While the argument has some facial appeal, the fact is that Boone had Hoover available at the start of and during trial, and he testified.  In this period of time, Boone had the opportunity to inquire of Hoover as to his full knowledge of the events on the night in question, including who he was with at the time.  There was more than a sufficient opportunity to find out about Hoover and Ware during the trial.  That the opportunity was not seized upon should not inure to Boone’s benefit.

At the postconviction hearing, two sisters, Tyaneshia and Marqueshia Turner, testified that they were at Mary Jammerson’s apartment the night of the shooting.  They observed “Big Al” bring in a gun and retrieve it a short time later.[3]  They heard about the shooting and saw police outside about five to seven minutes after “Big Al” retrieved the gun.  The Turners testified that Boone was not “Big Al.” 

The testimony of the Turner sisters cannot be considered newly discovered evidence.  The Turner sisters were subpoenaed by the defense to testify at trial but did not appear.  Boone cites their testimony in support of his request for a new trial in the interest of justice.  He argues that the jury was not able to hear all the testimony indicative of his innocence¾the testimony of Hopson, Ware and the Turners. 

We exercise our discretionary power to grant a new trial infrequently and judiciously.  See State v. Ray, 166 Wis.2d 855, 874, 481 N.W.2d 288, 296 (Ct. App. 1992).  A new trial may be ordered where the real controversy has not been fully tried or where there was a probable miscarriage of justice.  See State v. Smith, 153 Wis.2d 739, 742, 451 N.W.2d 794, 795 (Ct. App. 1989).

Situations in which the controversy has not been fully tried have arisen when a jury was not given an opportunity to hear important testimony that bore on an important issue in a case.  See id. at 742, 451 N.W.2d at 796.  Here, identity was the theory of defense and it was fully litigated.  Hoover testified that the man he saw running from the shooting was not Boone.  Another witness indicated that he did not see Boone but saw an individual named “Al” in Jammerson’s apartment building on the day of the shooting.  The witness indicated that “Al” resembled Boone.  Other witnesses, including Boone himself, contradicted testimony that he was in the vicinity of the shooting. 

We are not persuaded that the real controversy was not fully tried.  Reversal based on a miscarriage of justice may be ordered only when this court is persuaded that there is a substantial probability of a different result on retrial.  See id.  That test is not satisfied. 

By the Court.Judgment and order affirmed.

                        This opinion will not be published.  See Rule 809.23(1)(b)5, Stats.

 


 



[1]  The circumstances of the identification were placed before the jury.  Cross-examination of the victim challenged the identification. The jury functionally determined the credibility of the identification.  See State v. Wachsmuth, 166 Wis.2d 1014, 1023, 480 N.W.2d 842, 846 (Ct. App. 1992).

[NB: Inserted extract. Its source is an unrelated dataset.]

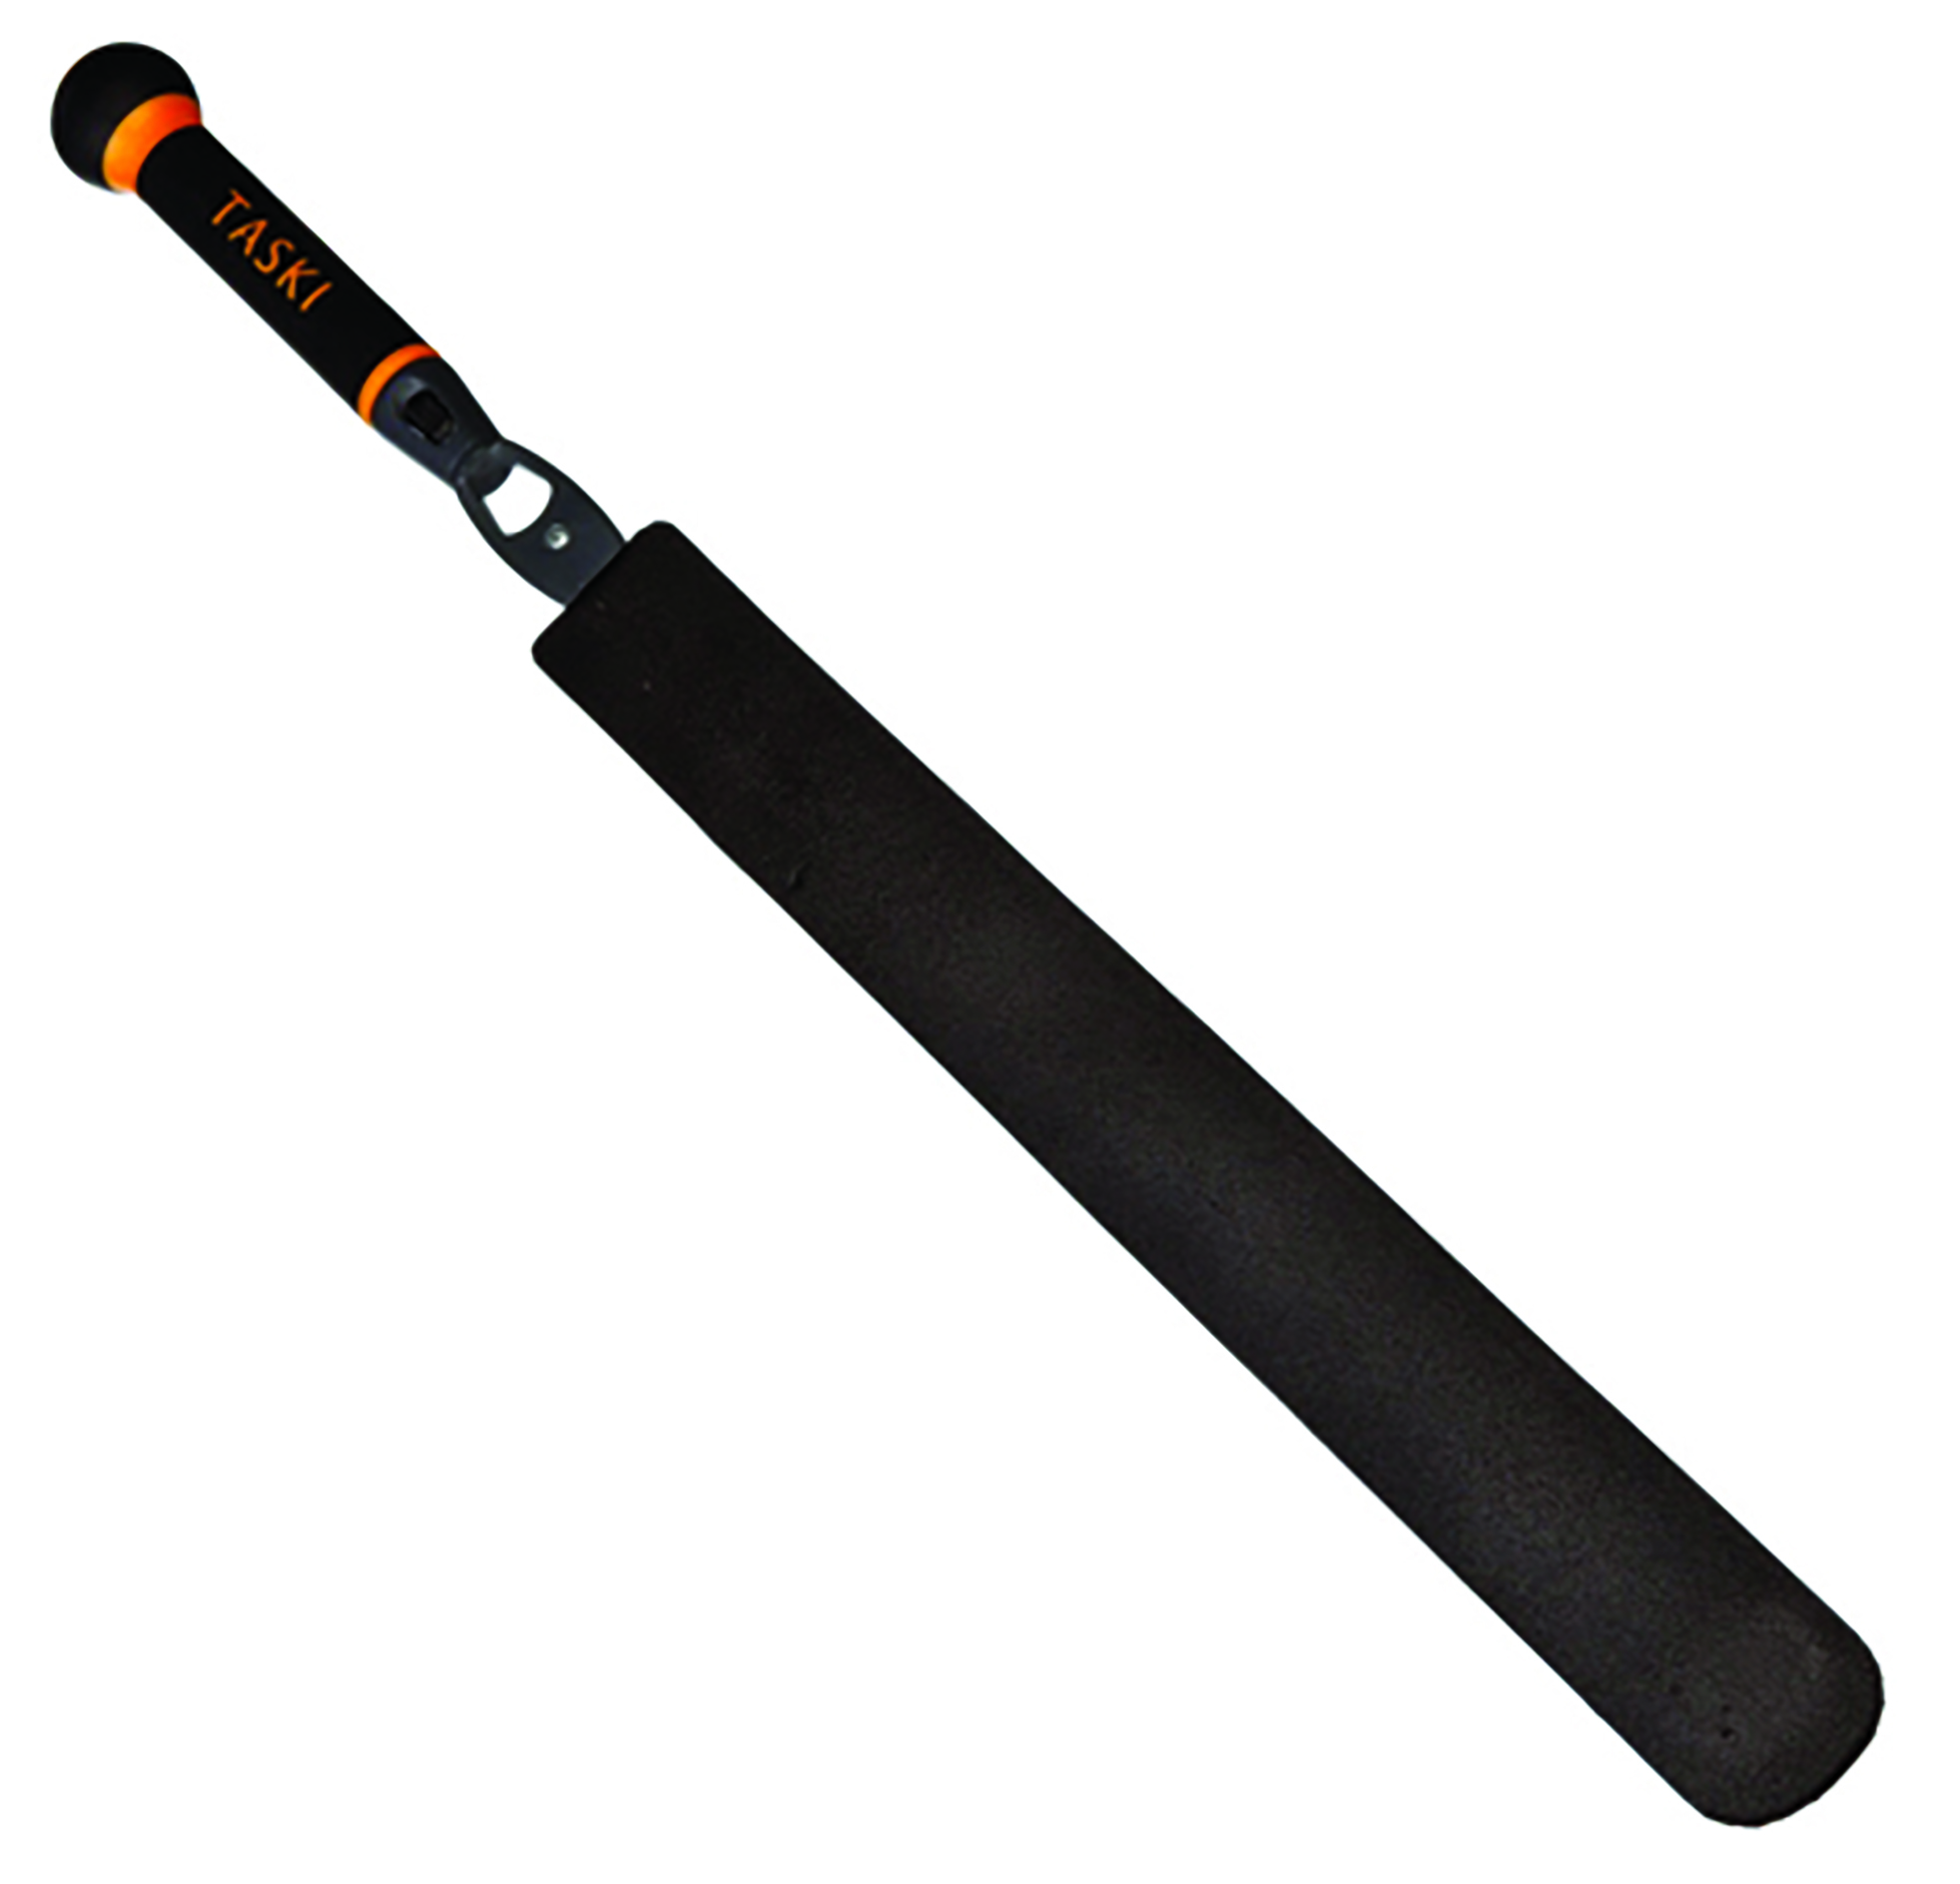 Long black mop handle

[2]  We reject the State’s analysis that Hopson’s and Ware’s testimony was not relevant or material because it fails to establish a “legitimate tendency” that a third person could have committed the crime as required for admission under State v. Denny, 120 Wis.2d 614, 624, 357 N.W.2d 12, 17 (Ct. App. 1984).  This is not a Denny-type case because the evidence was not collateral as to possible motives to harm the victim.  Indeed, Ware would have qualified as a witness to the crime. 

[3]  This testimony conflicted with other evidence that placed Boone in the vicinity of the shooting.  At trial, Jammerson and her daughter Yemanya testified that on the night of the shooting Boone visited their apartment near the shooting, that he left a gun, and that he retrieved it a short time later.